Shang Shang, He Kang-Ning, Wang Zhao-Bin, Yang Tong, Liu Ming, Li Xiang
School of Electronics and Information, Jiangsu University of Science and Technology, Zhenjiang 212003, China.
College of Underwater Acoustic Engineering, Harbin Engineering University, Harbin 150001, China.
Comput Intell Neurosci. 2020 Nov 12;2020:8842390. doi: 10.1155/2020/8842390. eCollection 2020.
The detection performance of high-frequency surface-wave radar (HFSWR) is closely related to the suppression effect of sea clutter. To effectively suppress sea clutter, a sea clutter suppression method based on radial basis function neural network (RBFNN) optimized by improved gray wolf optimization (IGWO) algorithm is proposed. Firstly, according to shortcomings of the standard gray wolf optimization (GWO) algorithm, such as slow convergence speed and easily getting into local optimum, an adaptive division of labor search strategy is proposed, which makes the population have abilities of both large-scale search and local exploration in the entire optimization process. Then, the IGWO algorithm is used to optimize RBFNN, finally, establishing a sea clutter prediction model (IGWO-RBFNN) and realizing the prediction and suppression of sea clutter. Experiments show that the IGWO algorithm has significantly improved convergence speed and optimization accuracy. Compared with the particle swarm algorithm with linear decreasing weight strategy (LDWPSO) and the GWO algorithm, the RBFNN prediction model optimized by the IGWO algorithm has higher prediction accuracy and has a better suppression effect on sea clutter of HFSWR.

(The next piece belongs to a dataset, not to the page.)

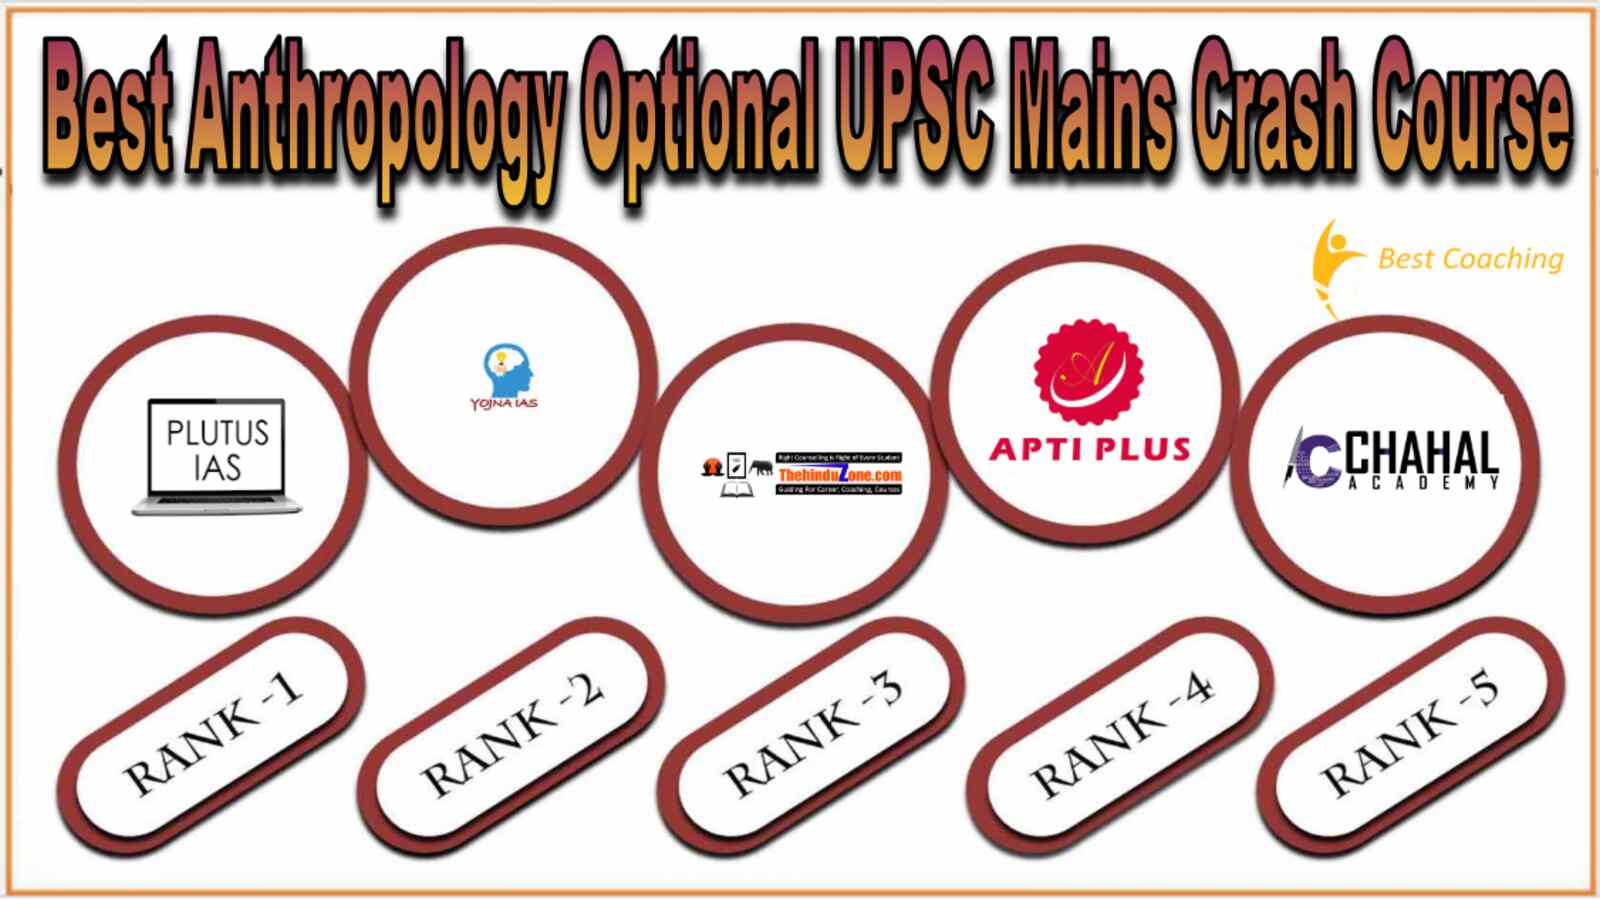 Best Anthropology Optional UPSC mains Crash Course

高频地波雷达(HFSWR)的探测性能与海杂波抑制效果密切相关。为有效抑制海杂波,提出一种基于改进灰狼优化(IGWO)算法优化的径向基函数神经网络(RBFNN)的海杂波抑制方法。首先,针对标准灰狼优化(GWO)算法收敛速度慢、易陷入局部最优等缺点,提出一种自适应分工搜索策略,使种群在整个优化过程中同时具备大规模搜索和局部探测能力。然后,利用IGWO算法对RBFNN进行优化,最终建立海杂波预测模型(IGWO-RBFNN)并实现海杂波的预测与抑制。实验表明,IGWO算法显著提高了收敛速度和优化精度。与线性递减权重策略粒子群算法(LDWPSO)和GWO算法相比,经IGWO算法优化的RBFNN预测模型具有更高的预测精度,对HFSWR海杂波具有更好的抑制效果。